_REQUIREMENT_
In the data below, find the line containing "Vero Social Media" and the line containing "El español Saúl", then reproduce them and every line between, exactly. Omit pictures.

_DATA FOR THIS EXERCISE_
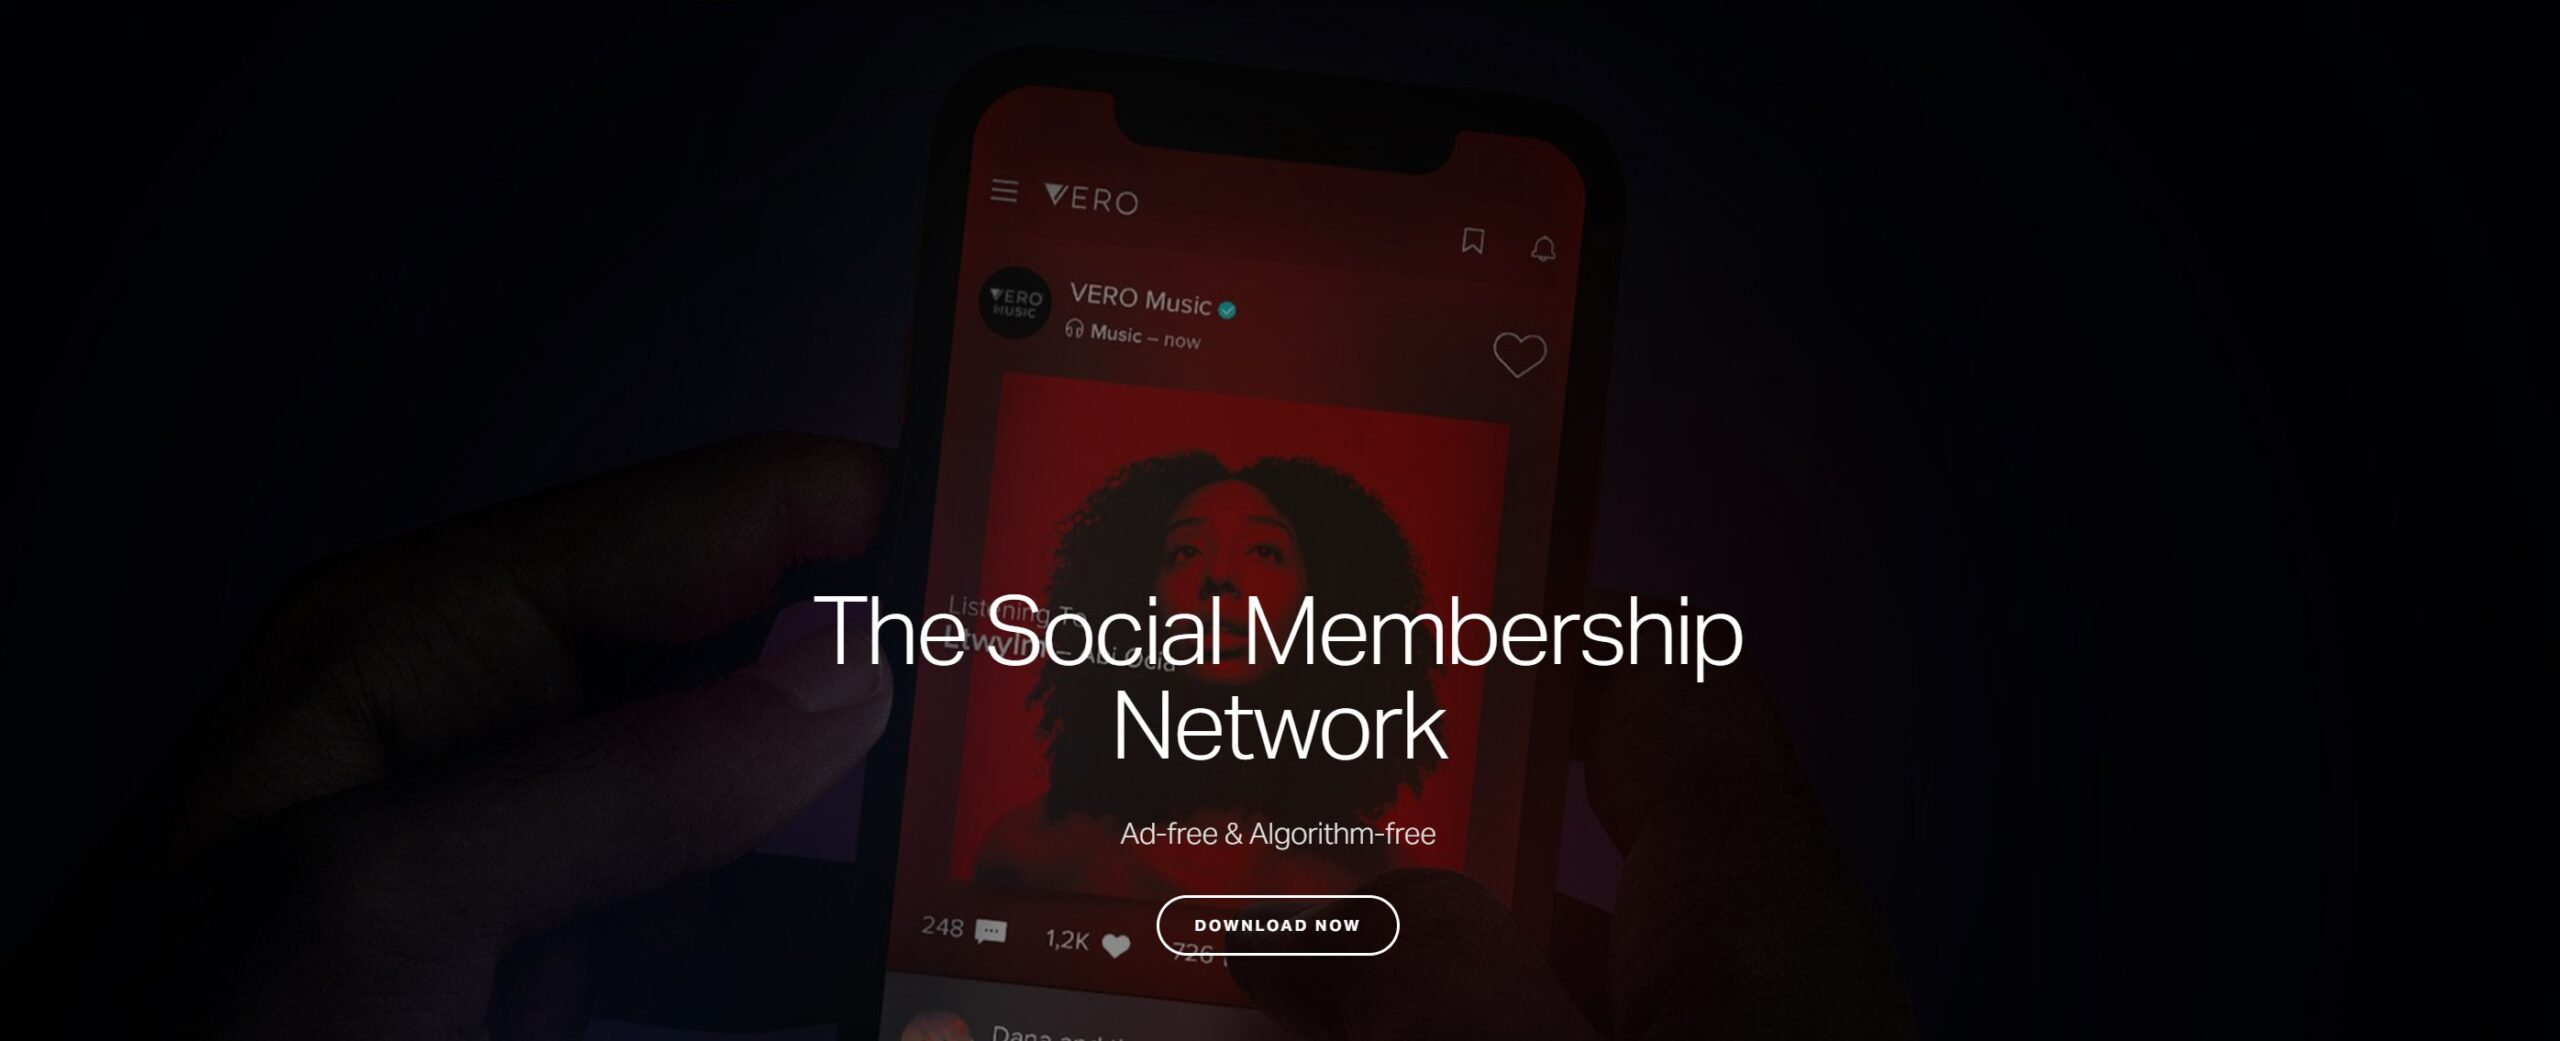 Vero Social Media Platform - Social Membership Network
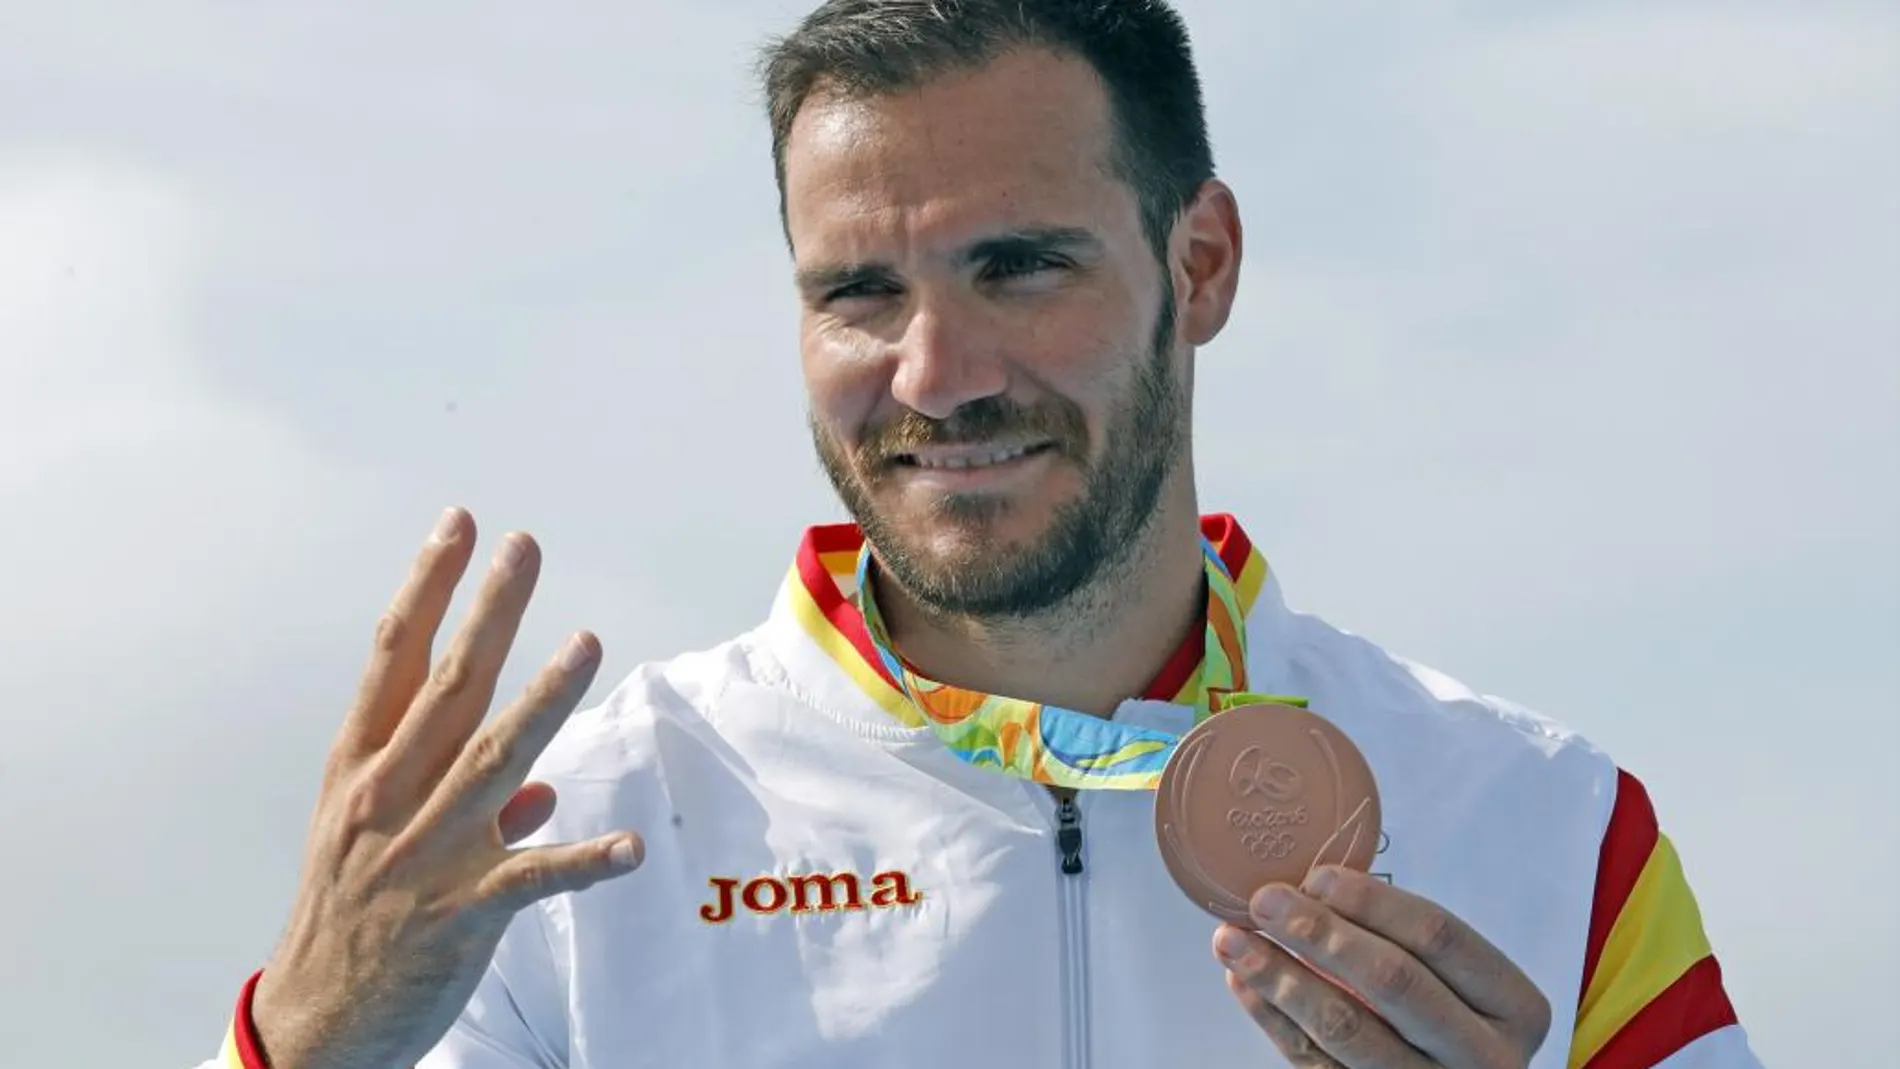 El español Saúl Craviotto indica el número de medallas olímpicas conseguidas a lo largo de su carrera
==
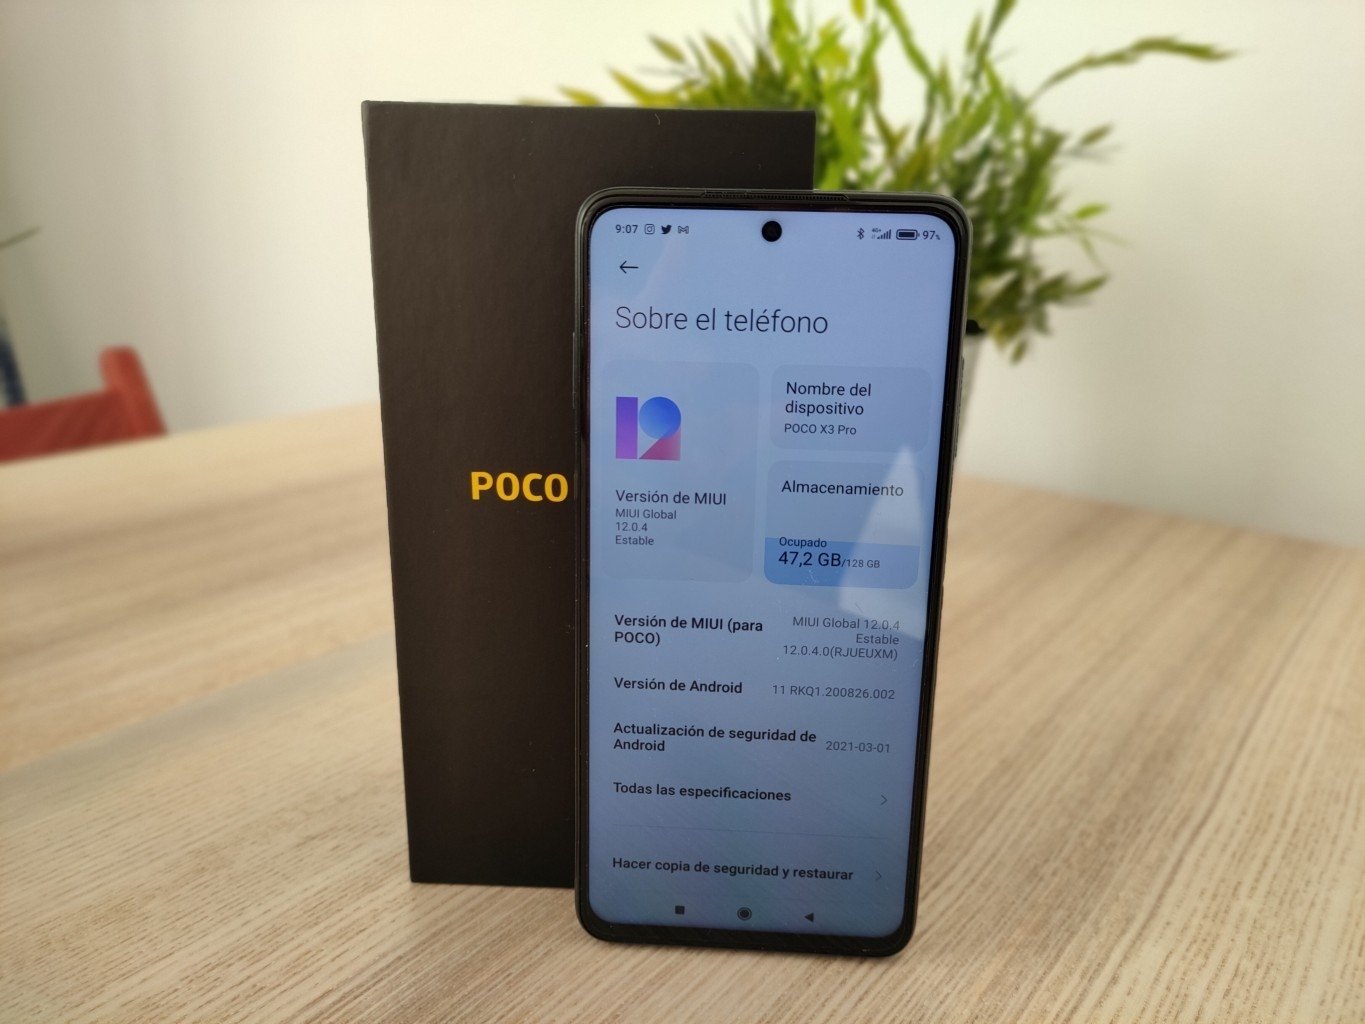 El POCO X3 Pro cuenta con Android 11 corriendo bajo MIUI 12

_ANSWER TO THIS PROBLEM_
 Vero Social Media Platform - Social Membership Network
 El español Saúl Craviotto indica el número de medallas olímpicas conseguidas a lo largo de su carrera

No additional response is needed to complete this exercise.